§ Exercise details
The full listing, returned exactly and free of pictures, is the expected answer.

§ Data block
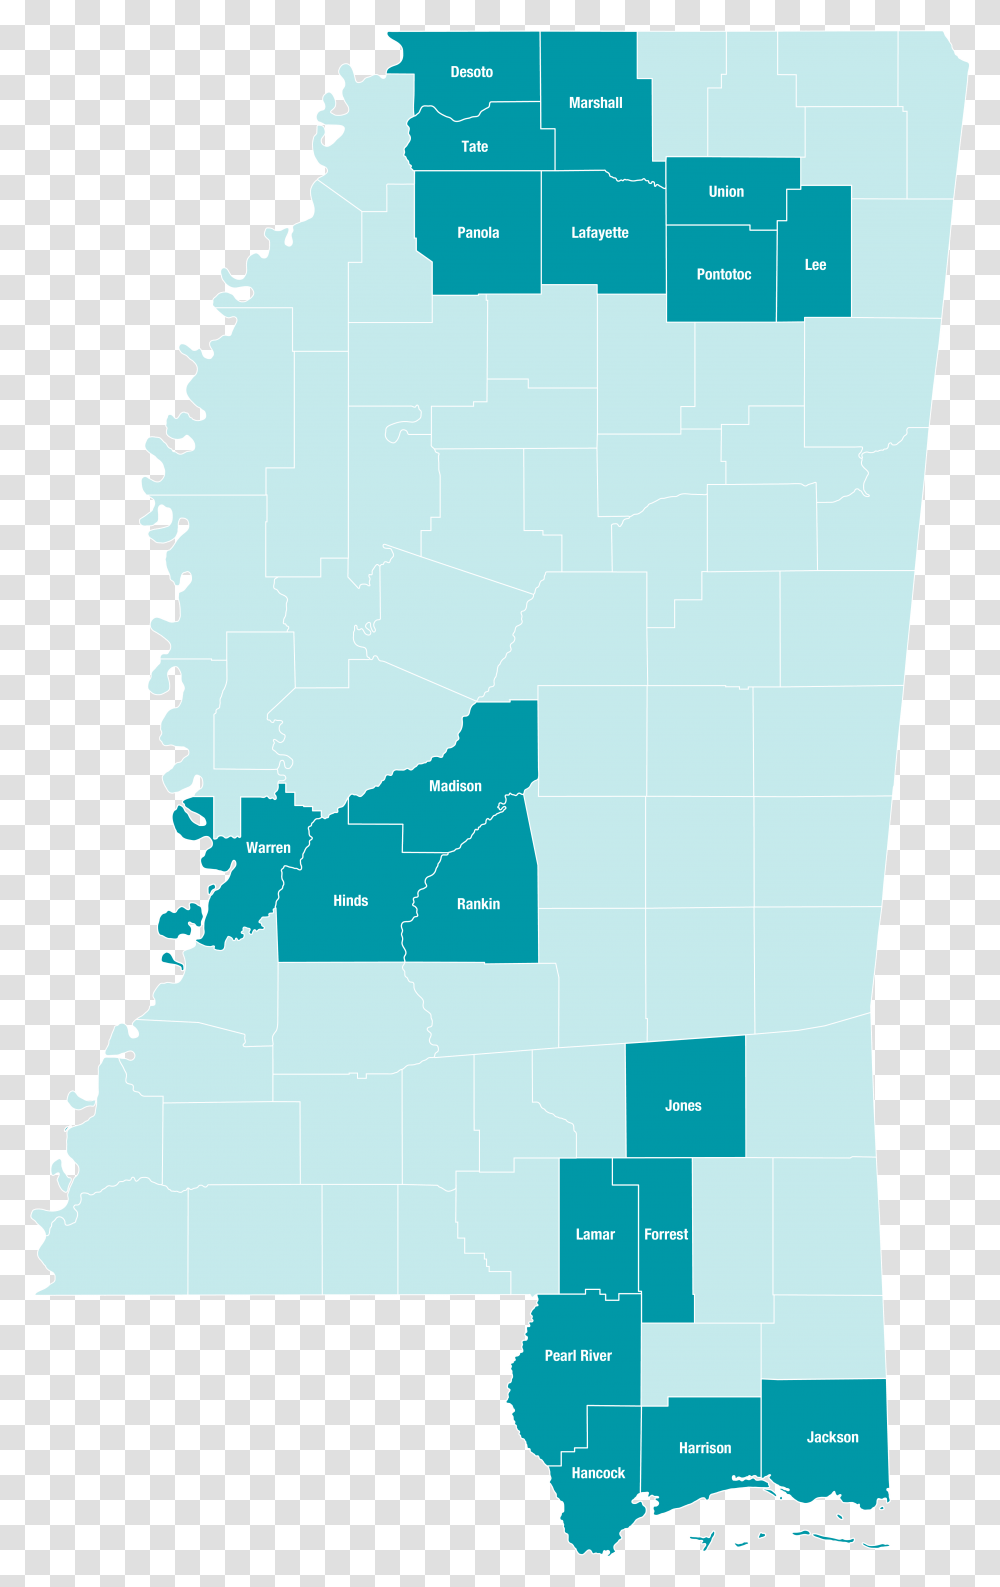 Mississippi Service Area Map Map Of Mississippi, Diagram, Plot, Atlas Transparent Png
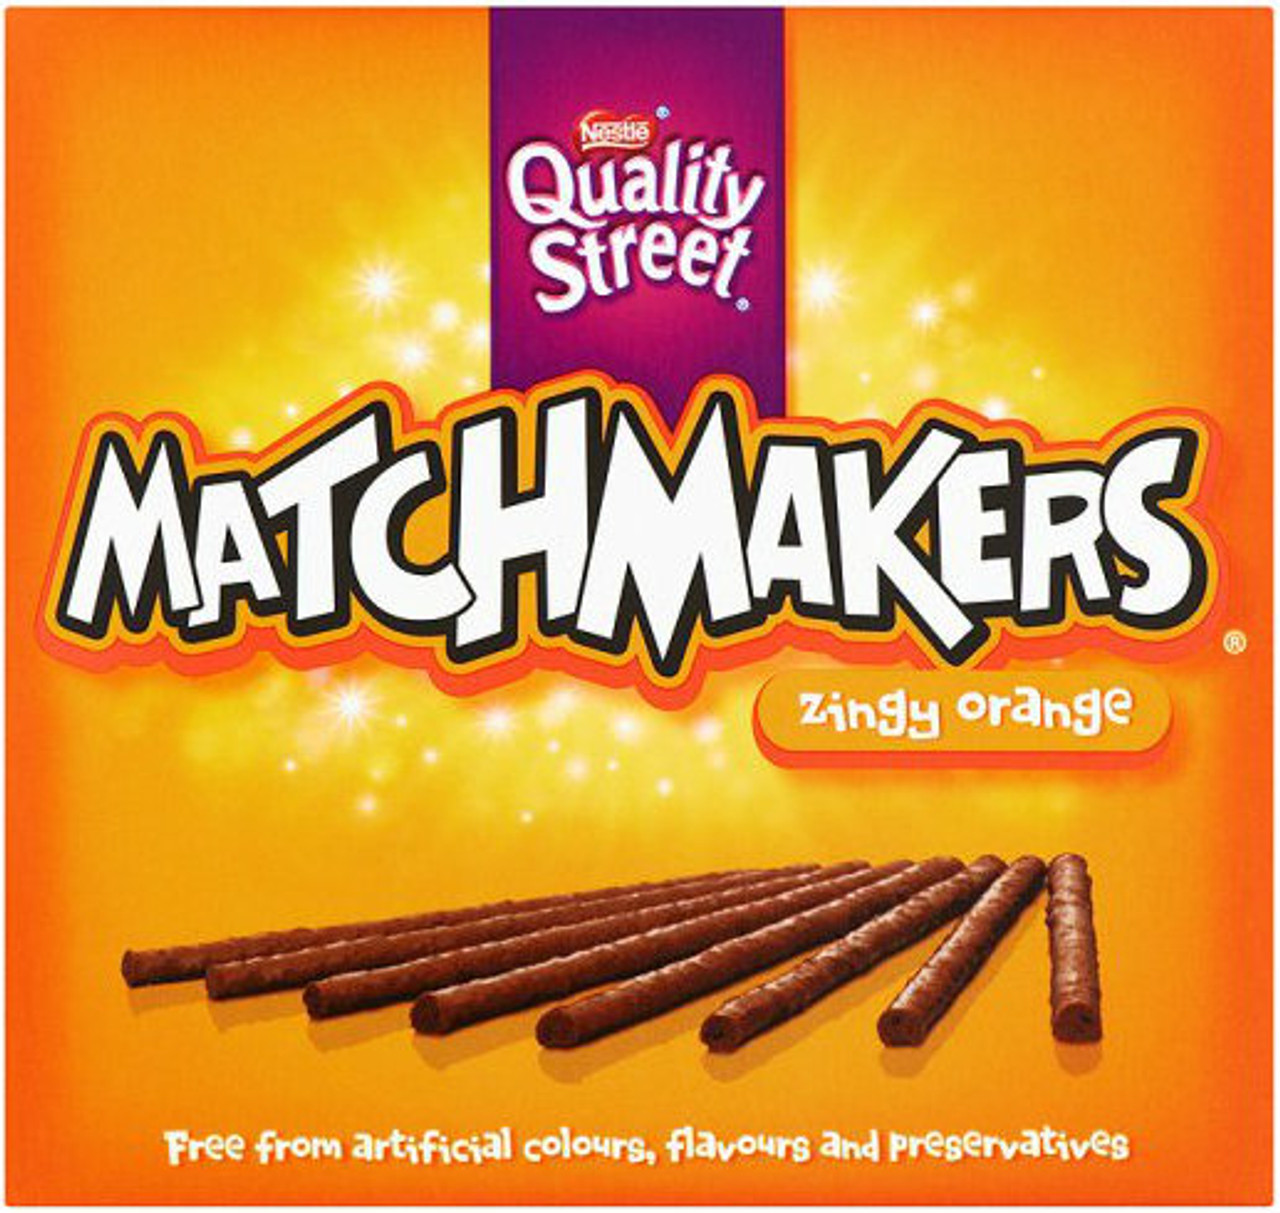 Nestle Matchmakers Zingy Orange 120g
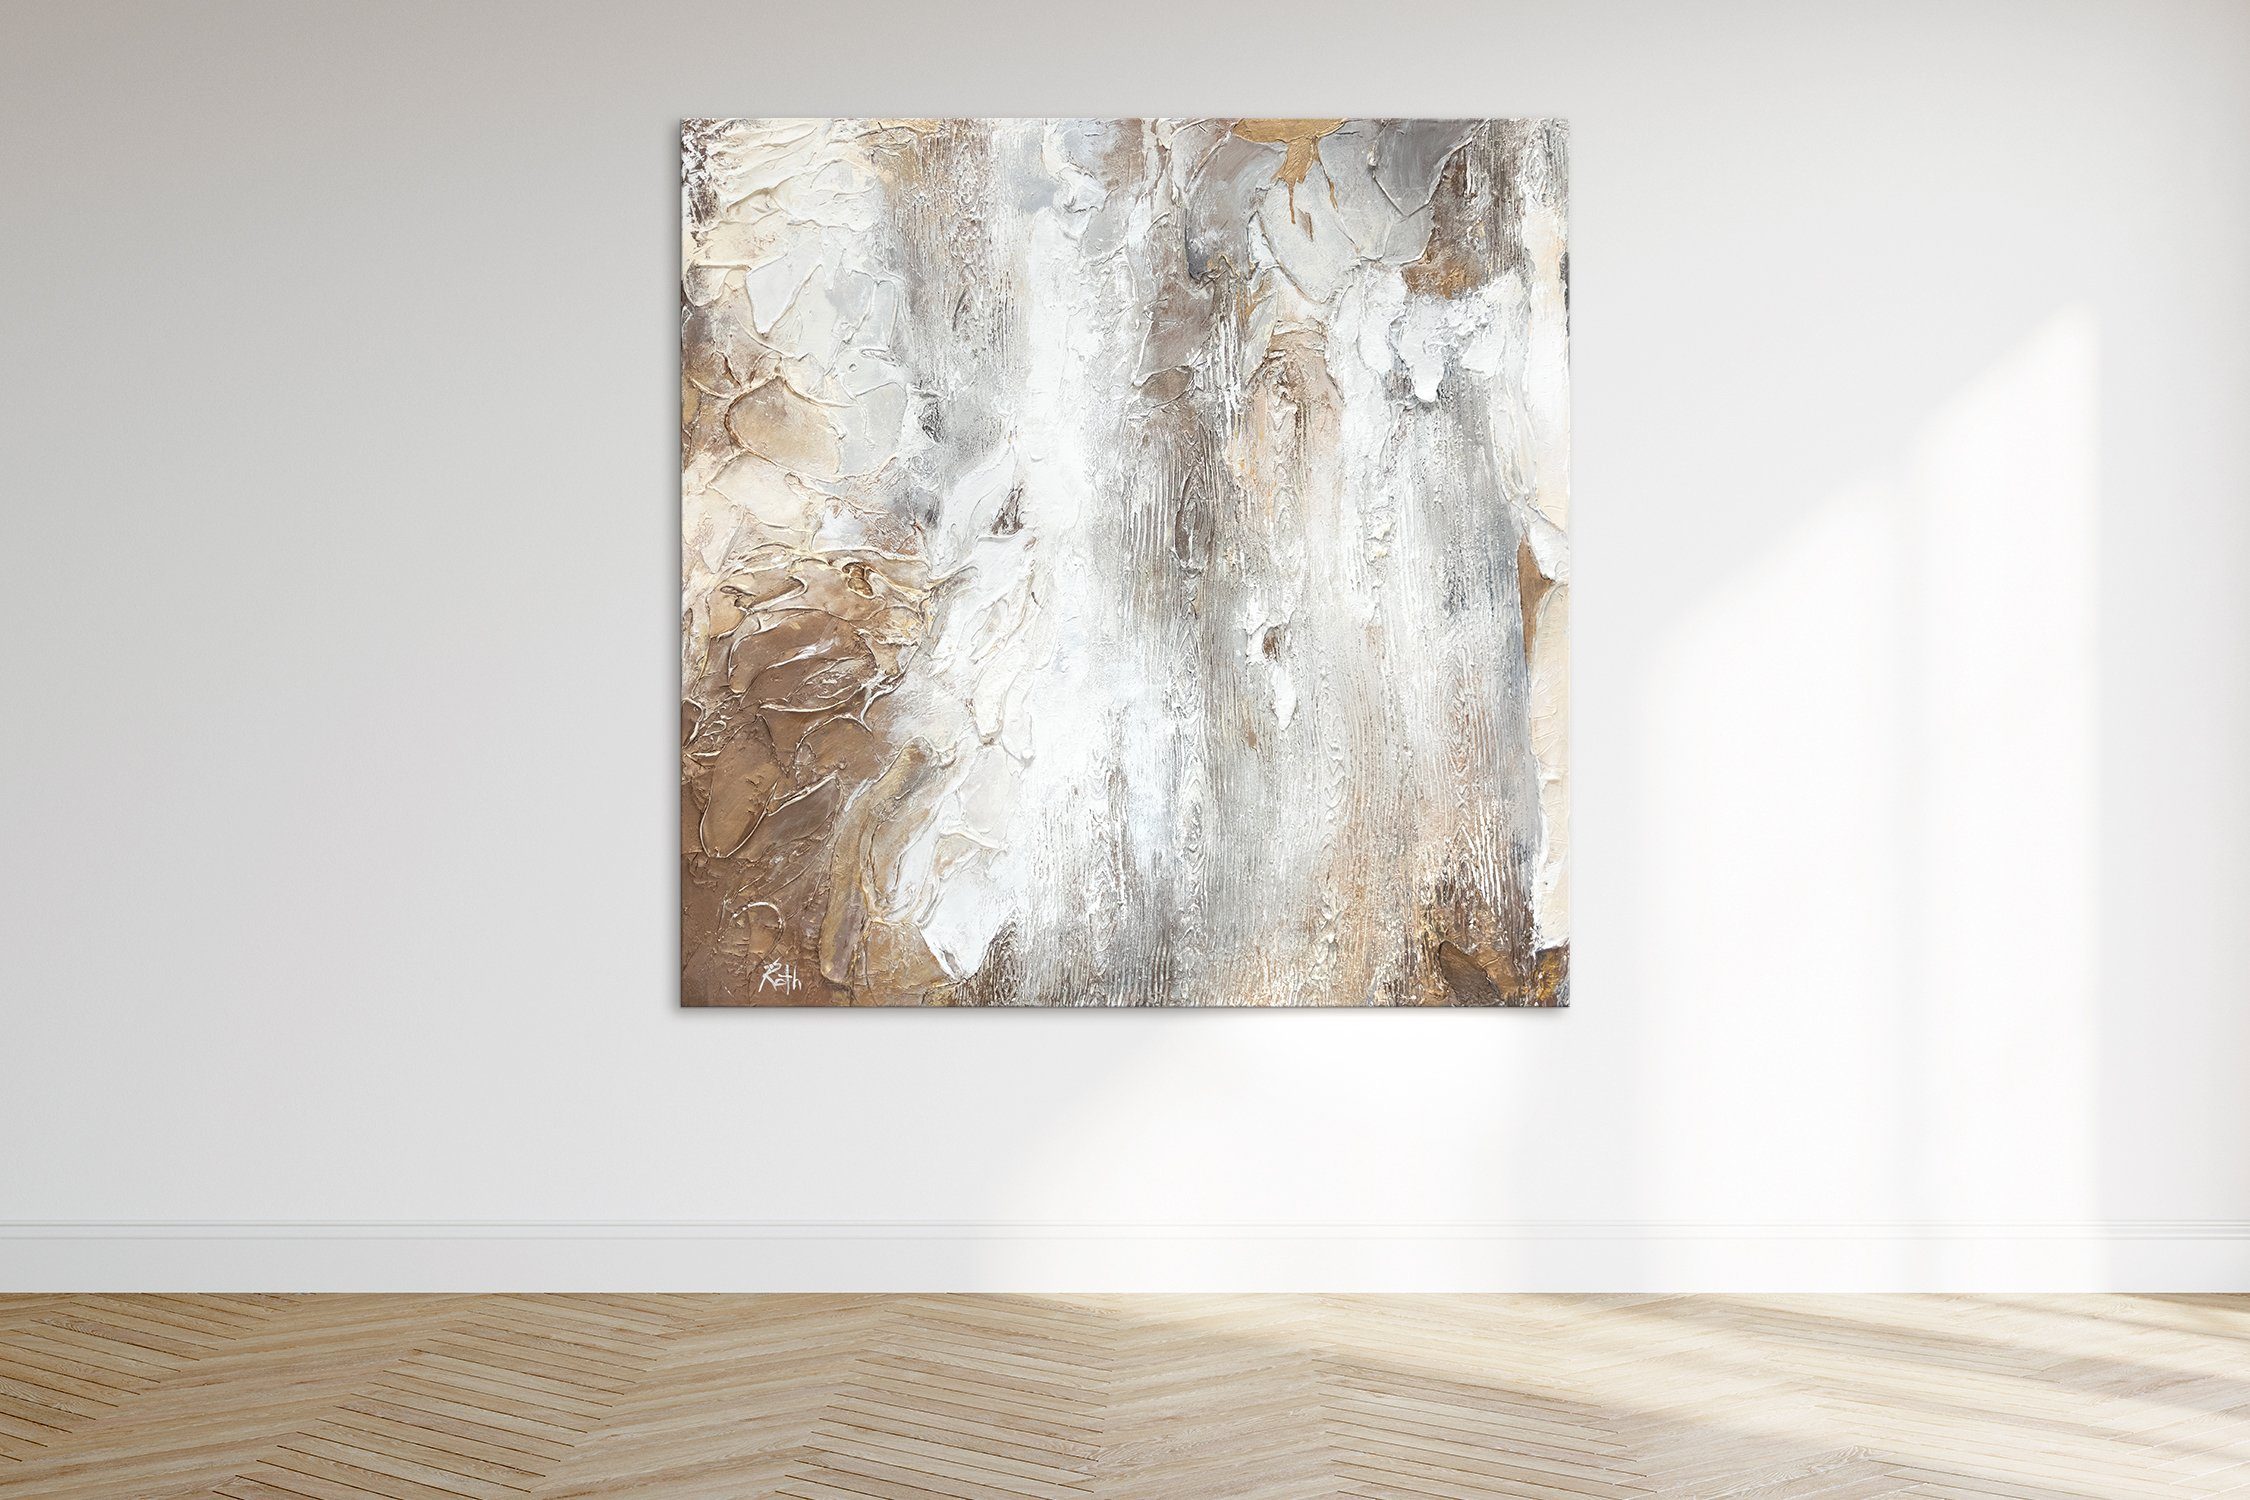 Gemälde Weisheit, Abstraktes Kupfer auf Abstraktion, Leinwand Handgemalt Quadratisches YS-Art Bild

§ Output of the task
 Mississippi Service Area Map Map Of Mississippi, Diagram, Plot, Atlas Transparent Png
 Nestle Matchmakers Zingy Orange 120g
 Gemälde Weisheit, Abstraktes Kupfer auf Abstraktion, Leinwand Handgemalt Quadratisches YS-Art Bild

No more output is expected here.